Language was not the only thing I need to adapt to. A hot bath or shower was soon forgotten and I quickly learned to adapt to washing in a bucket of cold water, when there was water.

I also had limited access to electricity. On average my fridge was powered for three hours a day. The fridge soon became an icebox hoping this would help with the loss of meat. What I did have I looked upon as a blessing and I quickly became thankful for the added commodities left behind in Canada.

One delight I took pleasure in, was observing the Haitian people as I walked the ravines; they seemed to have the balance and stealth of a mountain goat, yet when I took a few friends to go swimming they had no concept of bouncy. Instead, as I helped my friends to swim they felt like a sinking stone.

I also received pleasure from taking public transportation. Small, brightly painted trucks known as Tap-Taps seemed to be on their last wheel. As I bounced around from hitting man-sized holes, I felt like a packed sardine in a tin can. I enjoyed watching and listening to the people as we drove by the busy outdoor markets, paying close attention to many original sights, sounds, and very distinct smells.

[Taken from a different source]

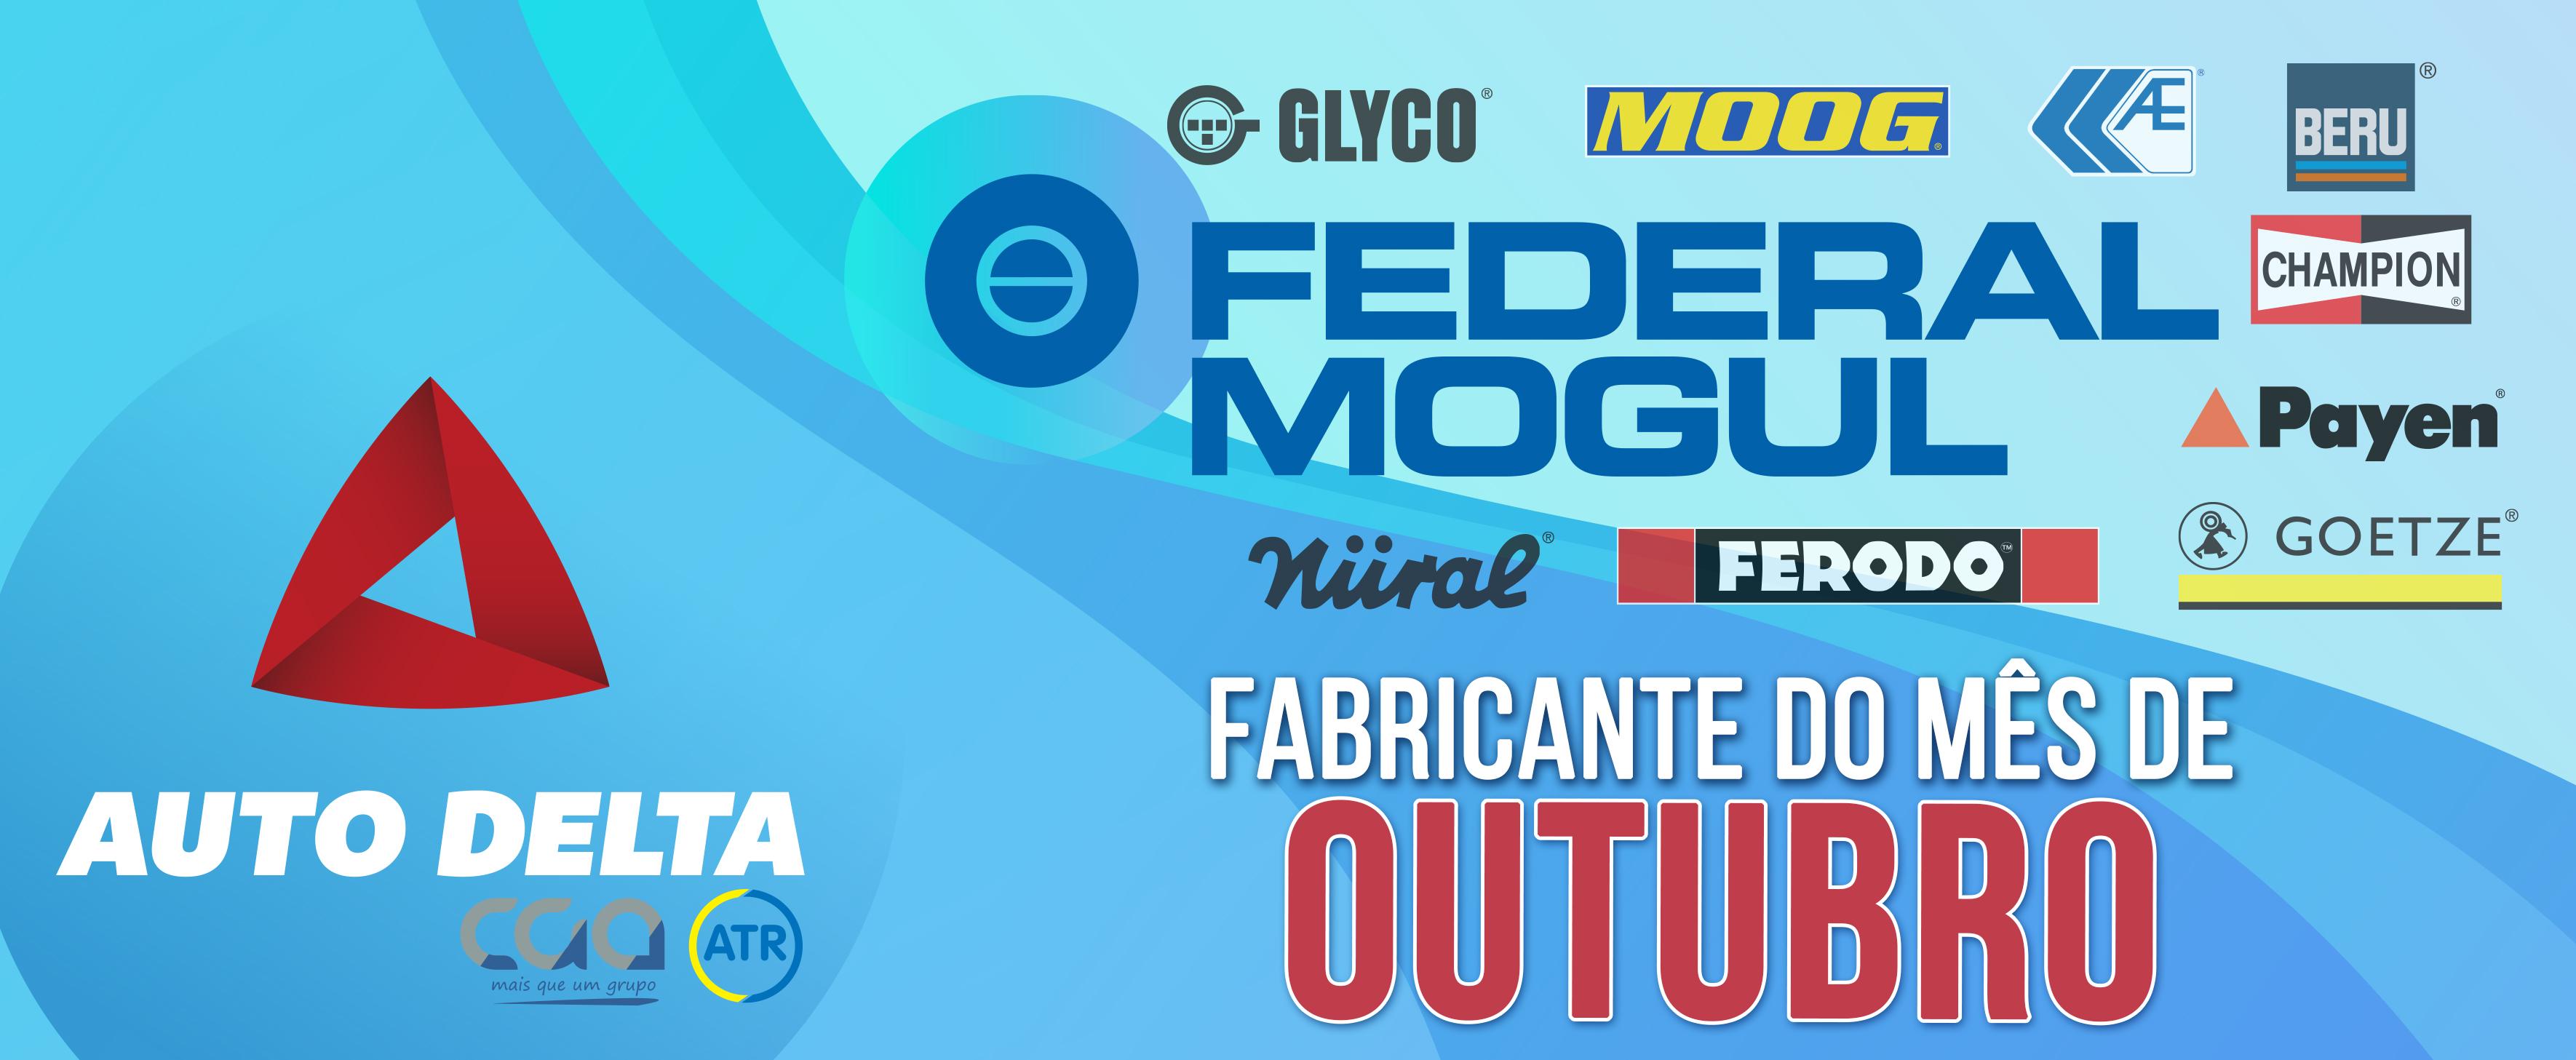 Auto Delta fabricante mês Federal Mogul
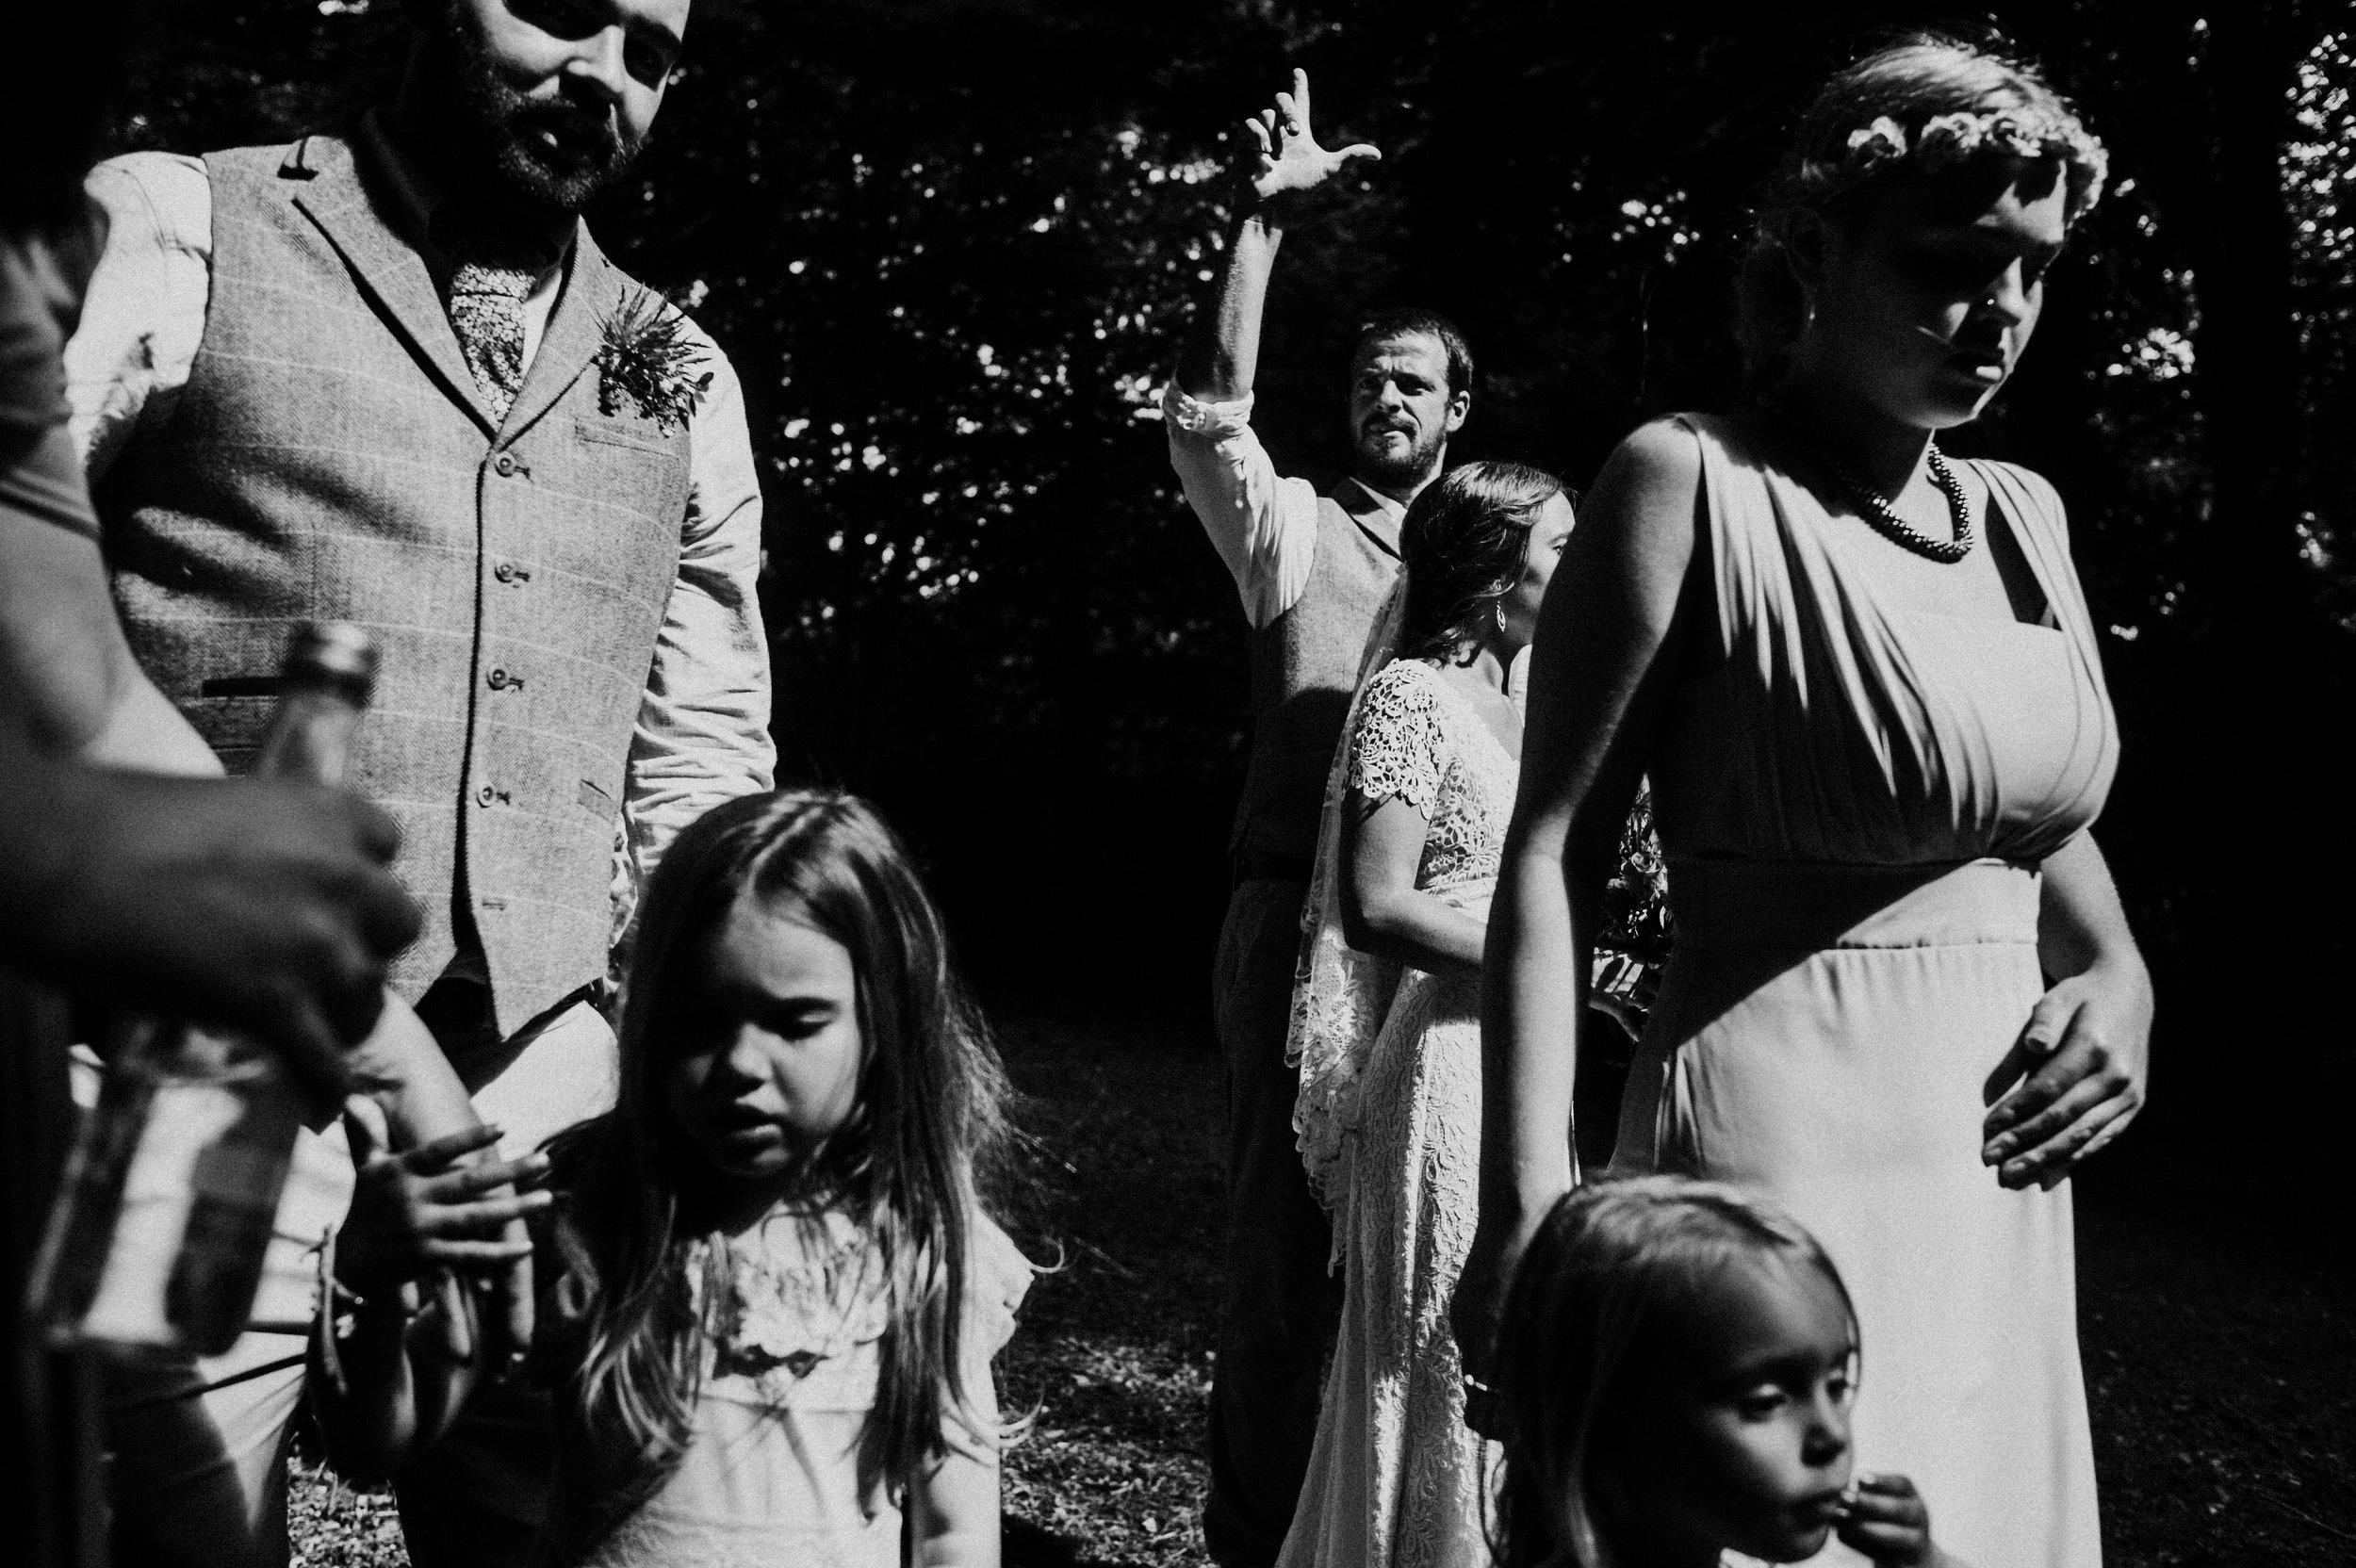 powderham castle wedding 19.jpg

Returning to Canada after ministering for eleven months in Haiti, I found it very difficult to adjust. Once again try to picture that toddler with her lollipop, enjoying it for a much longer time. How might she feel when her lollipop is being pulled from her mouth, unsure of the next time she will once again feel content to savor its sweet taste.

How can one person have so much joy and love in their heart for a people group? Once again I feel like that toddler. I have tasted the sweetness of ministry in a place where I belong, love, and call home. Haiti will always have a special place in my heart. God willing, I will continue to do what I can and one day return to share the love of Christ to the Haitian people.